A raster file seemed more adequate and I wanted something like this, but with a much higher resolution (and ideally already georeferenced)


I found the perfect data-source from Global Forest Watch: https://www.globalforestwatch.org/

Global Forest Watch provide an incredible dataset called "Tree Cover (2000)" that has a 30x30m resolution which includes the density of tree canopy coverage overall.

It's too good to be true, right?

Well, in a sense yes. The main problem is that it's just too much data and you can't download the image as a whole.

Alternatively, they provide you an interactive map where you can download each section separately, at: http://earthenginepartners.appspot.com/science-2013-global-forest/download_v1.6.html

This consists of 504 (36x14) images, already georeferenced. For example, if you download the highlighted square above you'll get the the following picture:
https://storage.googleapis.com/earthenginepartners-hansen/GFC-2018-v1.6/Hansen_GFC-2018-v1.6_treecover2000_50N_010W.tif
It's "just" 218MB, hence you can somehow imagine the size of the whole lot.
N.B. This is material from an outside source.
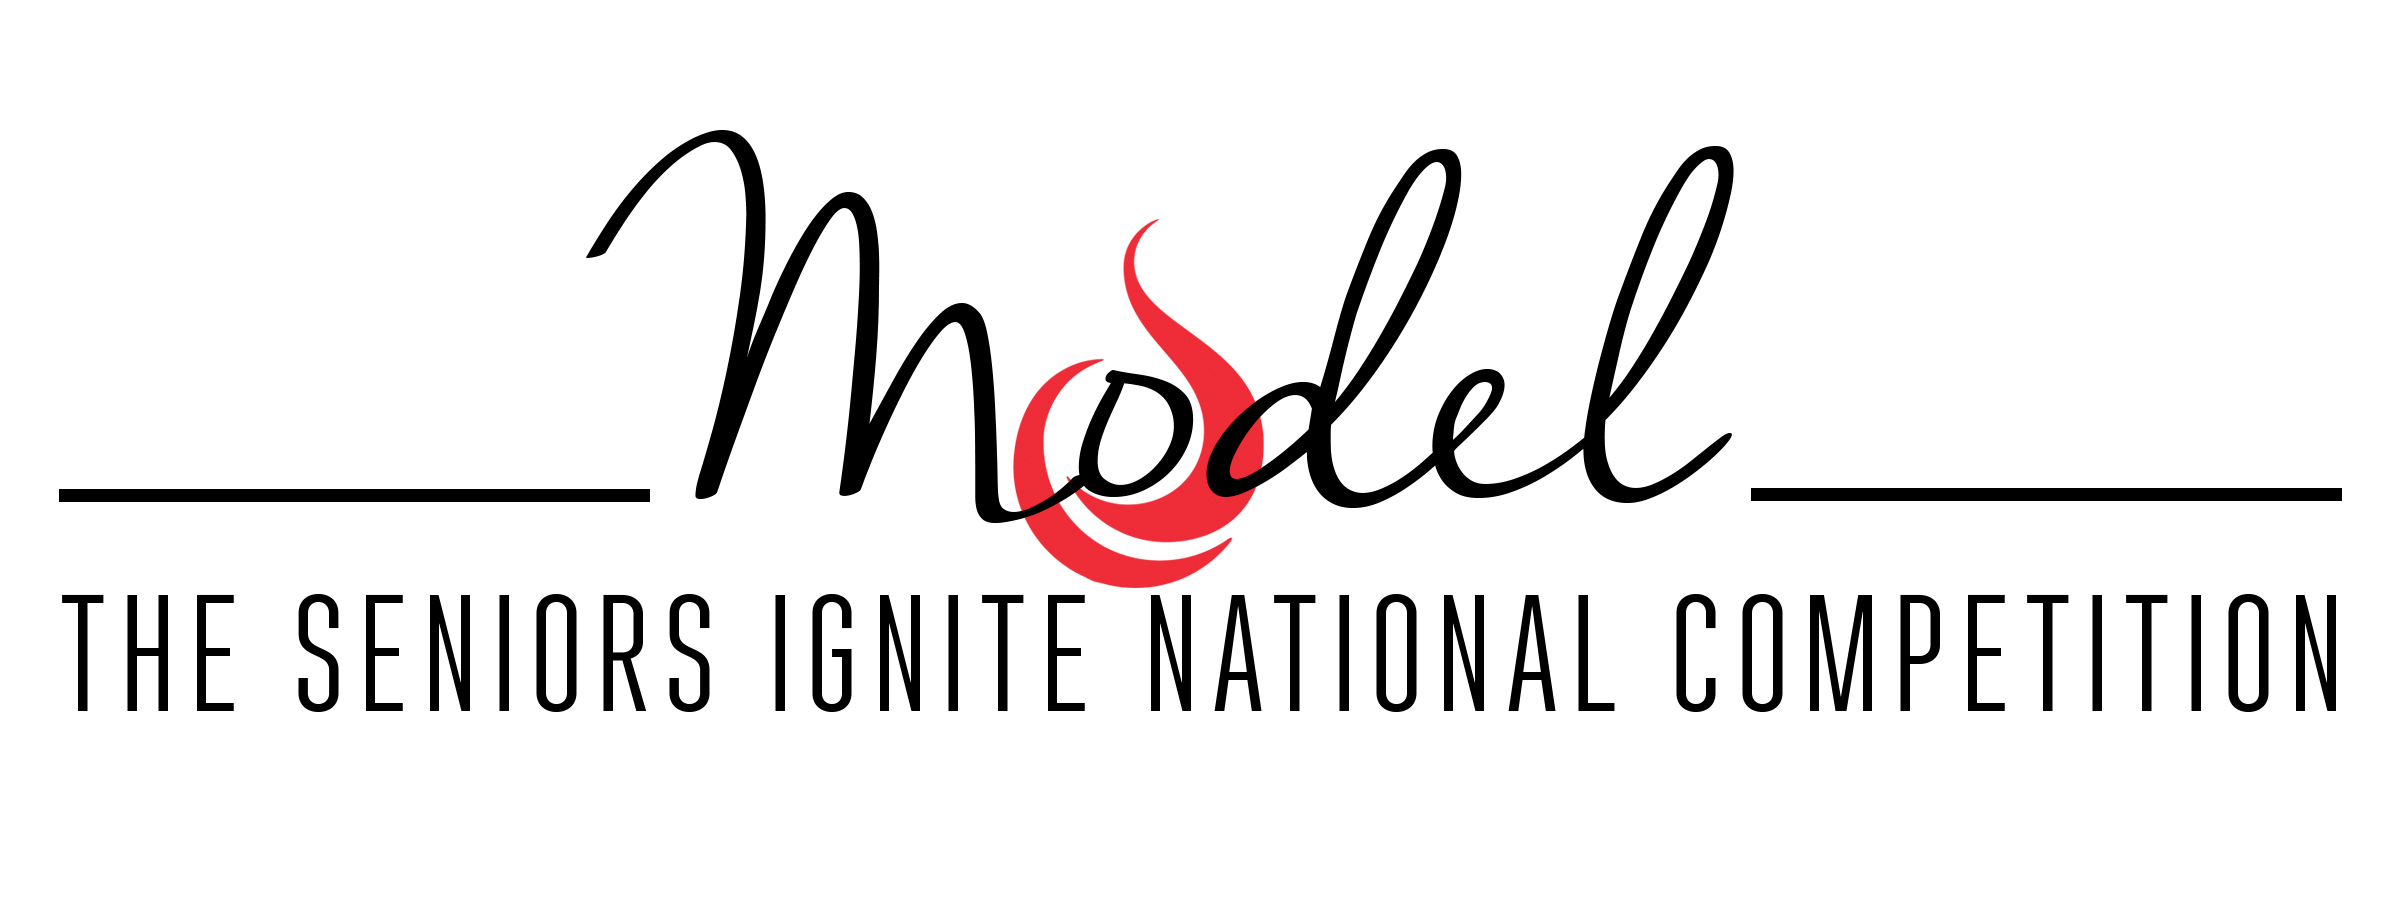 Seniors Ignite National Model Competition Logo.jpg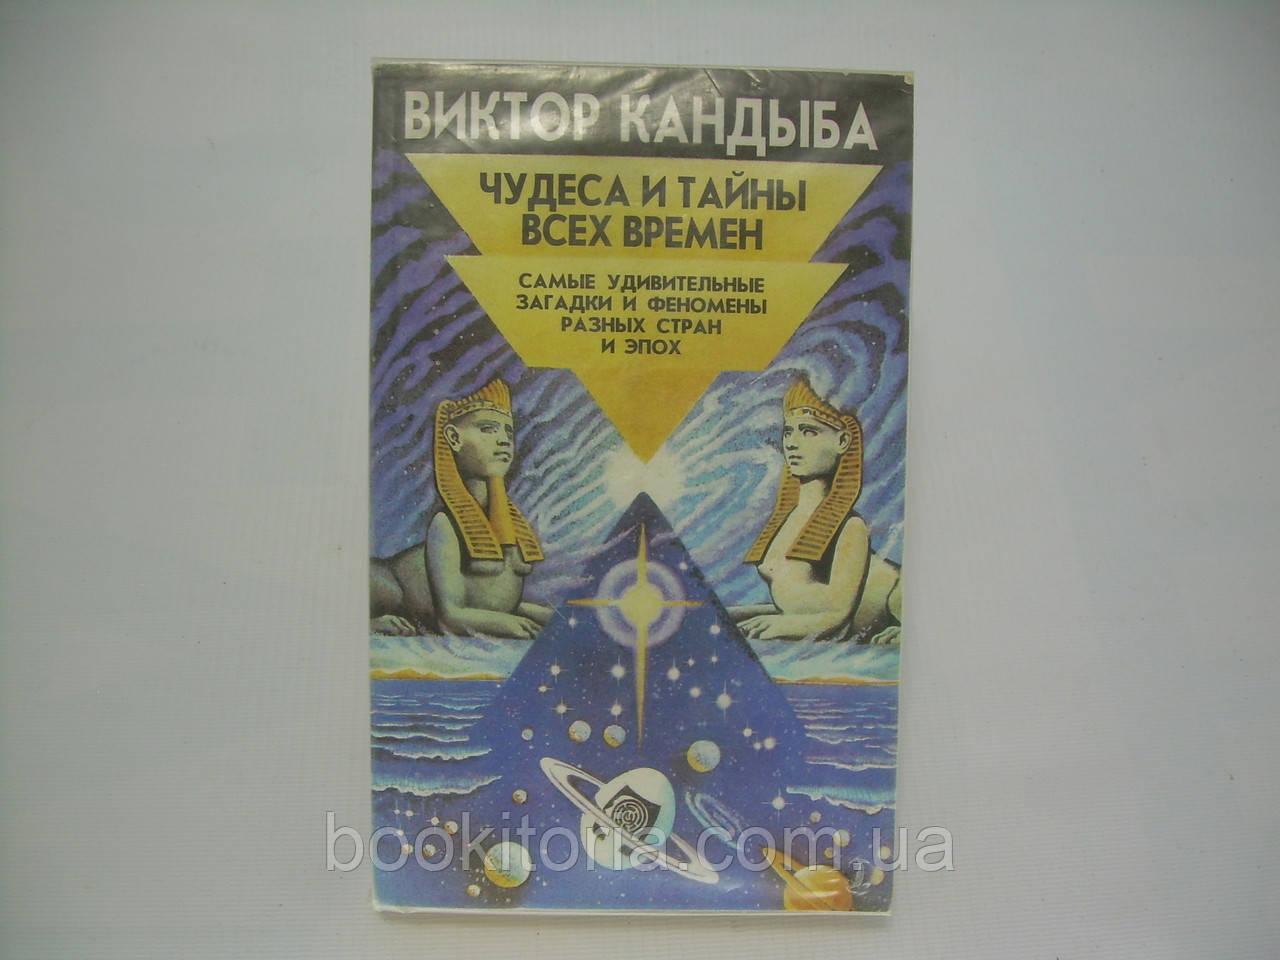 Кандыба В. Чудеса и тайны всех времен (б/у).

Should be massive.

So, three challenges:
  1. How to download all images
  2. How to merge them together to a single file
  3. (Optional, but recommended) Reducing the resolution a bit to make it more manageable 

1. How to Download all images

Well, doing it manually is definitively an option, although it's probably easier to do it programmatically.
import ssl
import urllib.request

ctx = ssl.create_default_context()
ctx.check_hostname = False
ctx.verify_mode = ssl.CERT_NONE

sections = []

for i in range(8,-6,-1):
    for j in range(-18,18):
        sections.append(f'{abs(i)*10}{"N" if i >= 0 else "S"}_{str(abs(j)*10).zfill(3)}{"E" if j >= 0 else "W"}')

for section in sections:
    url = 'https://storage.googleapis.com/earthenginepartners-hansen/GFC-2018-v1.6/' + \
            f'Hansen_GFC-2018-v1.6_treecover2000_{section}.tif'

    with urllib.request.urlopen(url, context=ctx) as u, open(f"{section}.tif", 'wb') as f:
        f.write(u.read())
The code above, in Python 3.x, iterates all the grid squares, prepares the proper download url and downloads the image.

As the https certificate isn't valid you need to turn off the ssl checks, hence the code at the beginning.

2. How to merge them together to a single file

It's actually quite simple, but you'll need GDAL for that, hence you'll need to install it first.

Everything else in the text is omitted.